BEGIN INFORMATION PROVIDED

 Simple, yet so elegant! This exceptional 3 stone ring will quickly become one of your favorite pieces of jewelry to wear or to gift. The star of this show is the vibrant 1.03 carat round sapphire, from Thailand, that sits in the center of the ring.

END INFORMATION PROVIDED
BEGIN INFORMATION PROVIDED

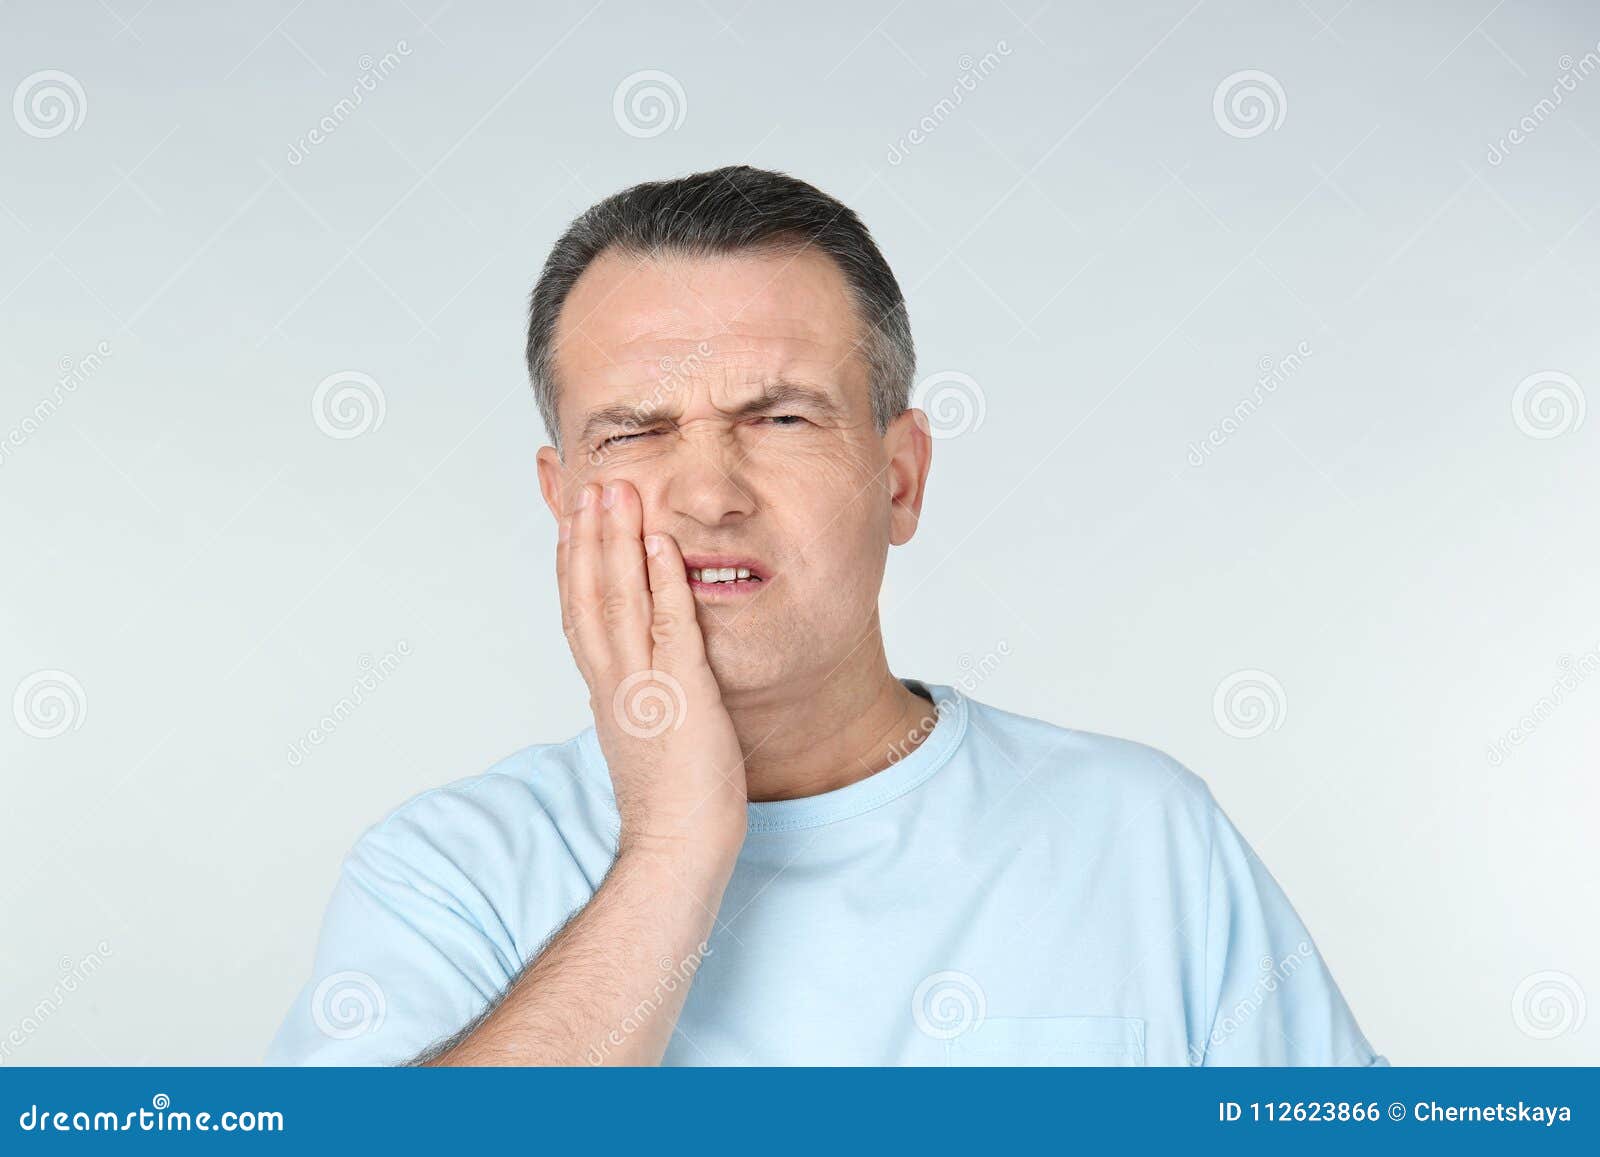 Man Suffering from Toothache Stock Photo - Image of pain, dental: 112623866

END INFORMATION PROVIDED
BEGIN INFORMATION PROVIDED

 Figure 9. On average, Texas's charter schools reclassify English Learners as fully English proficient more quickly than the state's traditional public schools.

END INFORMATION PROVIDED

Pick each line holding the word "quickly" out of the listing.

▶ [ANSWER AREA]:
 Simple, yet so elegant! This exceptional 3 stone ring will quickly become one of your favorite pieces of jewelry to wear or to gift. The star of this show is the vibrant 1.03 carat round sapphire, from Thailand, that sits in the center of the ring.
 Figure 9. On average, Texas's charter schools reclassify English Learners as fully English proficient more quickly than the state's traditional public schools.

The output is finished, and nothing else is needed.